- Opening Delimiter -

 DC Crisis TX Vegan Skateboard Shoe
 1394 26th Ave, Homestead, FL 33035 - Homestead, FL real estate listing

- Closing Delimiter -
- Opening Delimiter -

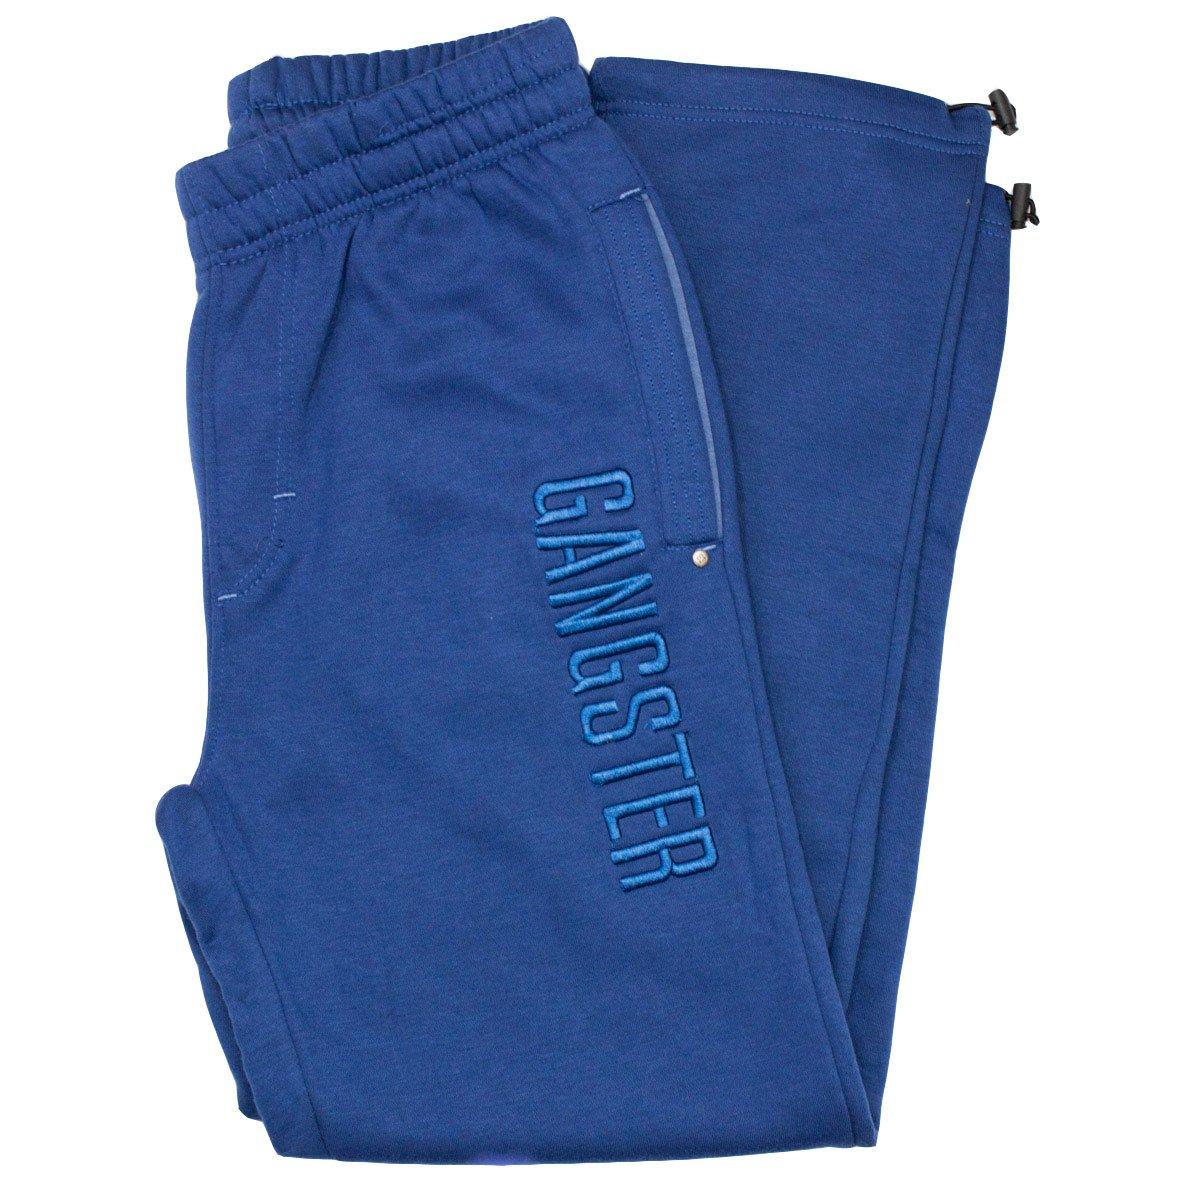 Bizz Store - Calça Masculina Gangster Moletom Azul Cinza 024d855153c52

- Closing Delimiter -
- Opening Delimiter -

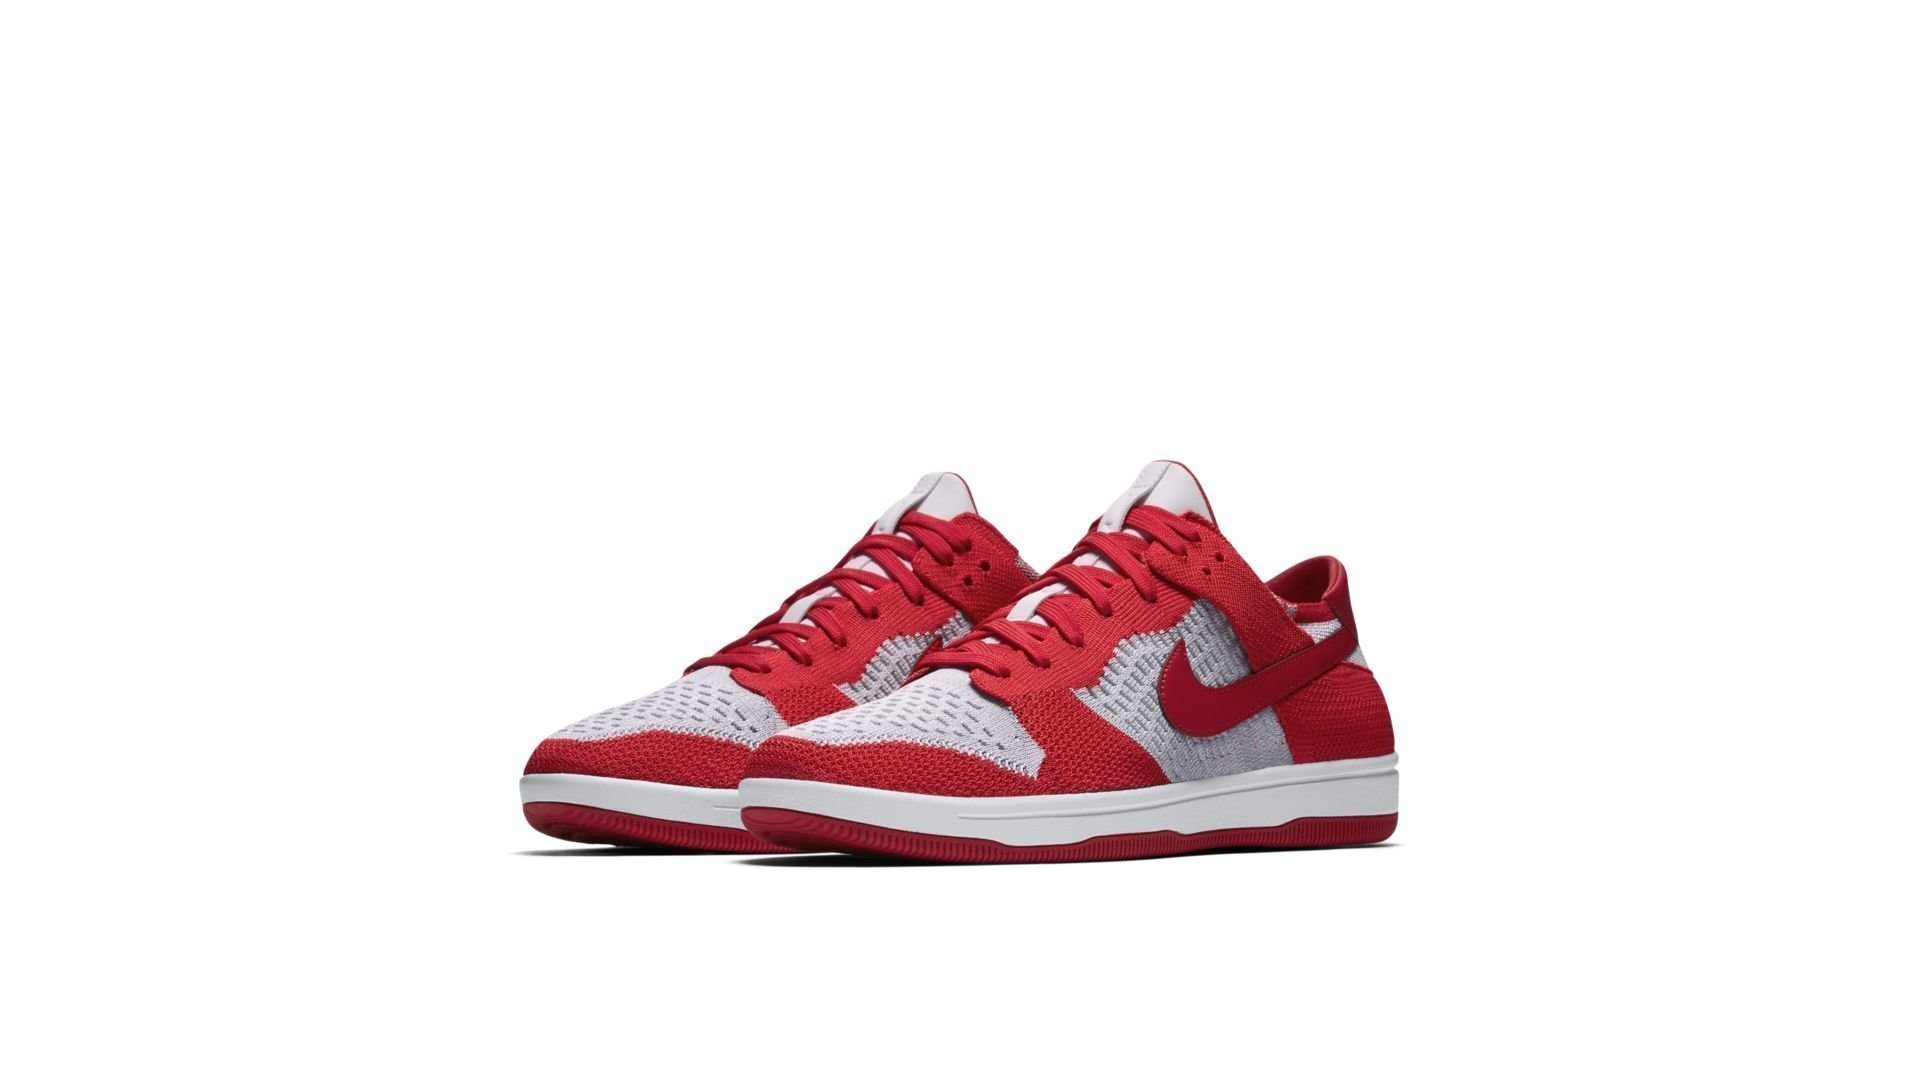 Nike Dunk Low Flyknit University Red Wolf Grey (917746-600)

- Closing Delimiter -

#### [PROBLEM DETAILS]
Give back, unchanged, the run of lines in the listing above that begins at the line containing "DC Crisis TX Vegan Skateboard Shoe" and ends at the line containing "1394 26th Ave, Homestead, FL", both included.

#### [WRITTEN ANSWER]
 DC Crisis TX Vegan Skateboard Shoe
 1394 26th Ave, Homestead, FL 33035 - Homestead, FL real estate listing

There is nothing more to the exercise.